Companies prefer Mauritius
It is pertinent to note that many offshore funds prefer Mauritius which is comparatively inexpensive and serves as a gateway for investments in African countries. Take this for an example, earlier, Capital gains accruing to foreign investments coming through Mauritius were exempt in India due to the India-Mauritius Double Taxation Avoidance Agreement (DTAA).
As a result, many foreign investors used to incorporate conduit companies in Mauritius and bring their money into India through the conduits. Between 2004 and 2014, about 39 per cent of total Foreign Direct Investment into India was from Mauritius.
However, with India abolishing the Dividend Distribution Tax (DDT) last year while making dividend payment taxable at the hand of the recipient, the companies in Mauritius are going to come at parity with the companies in India.
FPIs continue to soar in the domestic market
Bullish at the health of the economy and expecting rich future dividends, foreign investors are continuing to bet on the Indian market.
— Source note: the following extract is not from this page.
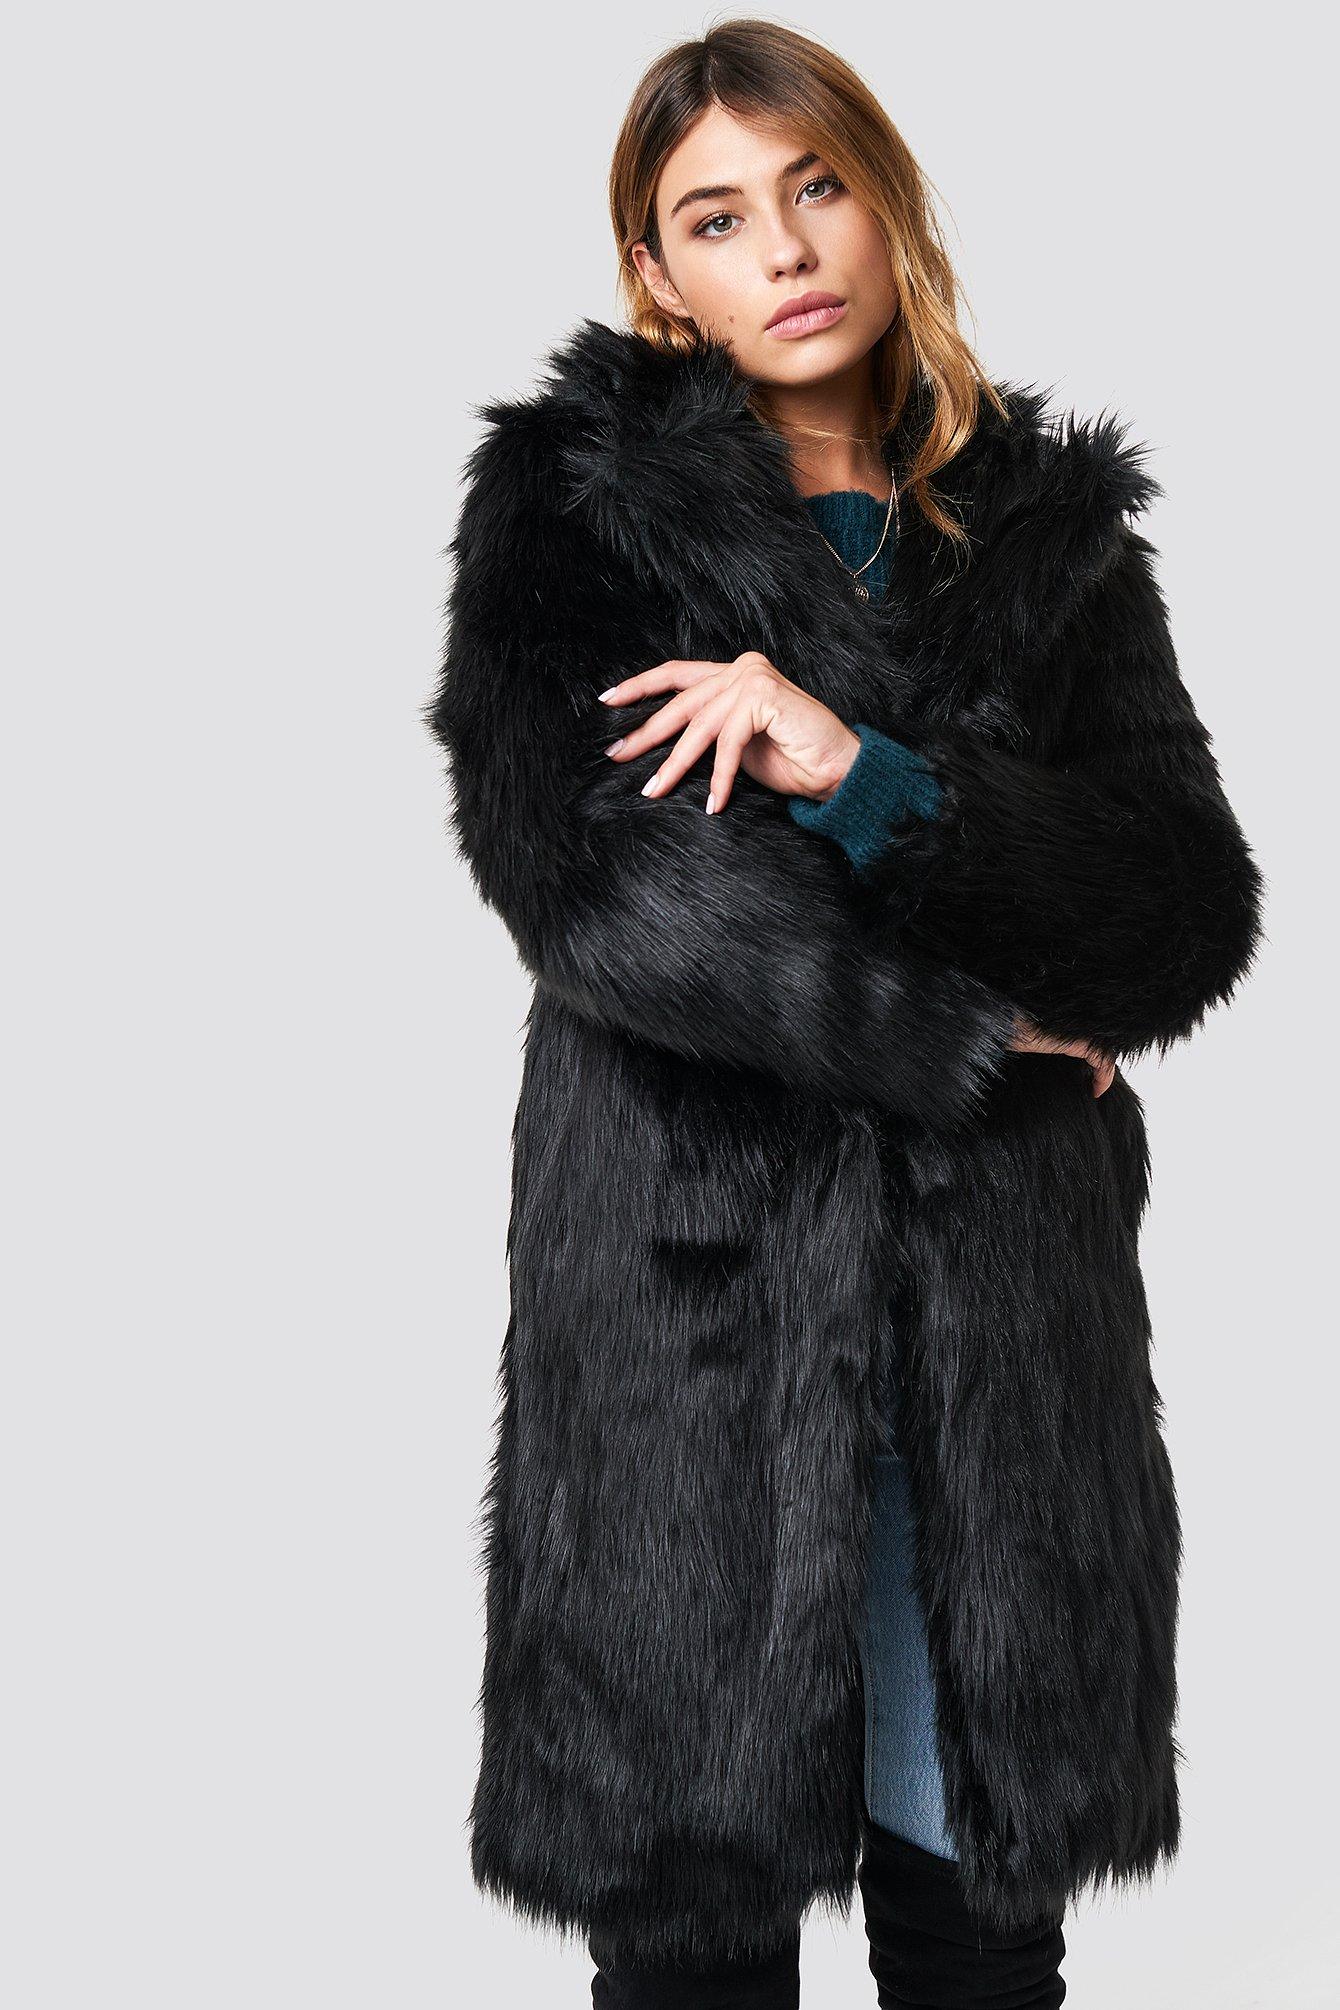 linn ahlborg x na-kd -  Long Faux Fur Coat - Black

Reportedly, within the first ten days of October, Foreign Portfolio Investors (FPIs) have poured in a net sum of Rs 1,997 crore in the Indian markets as the domestic market continued to remain a competitive investment destination from a long-term perspective.
For the past two months, FPIs have been net buyers, having invested Rs 26,517 crore in September and Rs 16,459 crore in August. With Mauritius being de-listed and the investments from the country expected to receive the green light soon, the FPIs are expected to increase even further.
In layman’s terms, FPI refers to investing in the financial assets of a foreign country, such as stocks or bonds available on an exchange. The FPI flows are only expected to increase as India presents higher growth opportunities, which the global investors can no longer ignore.
Mauritius and its Indian connection
Mauritius is a small island off the coast of Africa. What makes the country so interesting is that it is the only country in Africa which is a Hindu majority. 6,70,000 Hindus reside in the tiny and picturesque country. There are hundreds of Hindu Temples in Mauritius.
As a result, Mauritius and India have excellent bilateral relations and people to people ties. Under PM Pravind Jugnauth, those ties have only soared. Indians are extremely proud of the diplomacy extended to the vanilla Islands as it strengthens India’s naval position against China’s invasive and belligerent ambition in the Indian Ocean.
As reported by TFI, the project was broached during the United Progressive Alliance (UPA) government in 2005 but was unable to get underway. Nevertheless, in 2015, after PM Modi visited the island nation, he signed an agreement to develop the strategically important airbase. A new life was granted to the project in 2018 when it was handed over to India’s AFSCONS Infrastructure.
Mauritius getting back on its feet can largely be attributed to India’s support to the country during the tumultuous times and its clout in the Paris-based watchdog.
Reportedly, when External Affairs Minister S Jaishankar visited Mauritius earlier this year in February, Prime Minister Pravind Jugnauth remained thankful to the Indian government and stated, “Based on the respect for the rule of law, in that context, we reviewed the latest developments in respect of the completion of the decolonisation of Mauritius, a matter on which India has given its unflinching support right from the beginning of our struggle.”
The whitelisting would significantly boost the investment morale of companies across the globe which prefer Mauritius as a destination to make investments in India. If the RBI can keep a strict check on the investments, and foil the notorious elements looking to use the route to launder money once again, the decision of FATF to bring Mauritius back into the game could have a huge financial upside for India.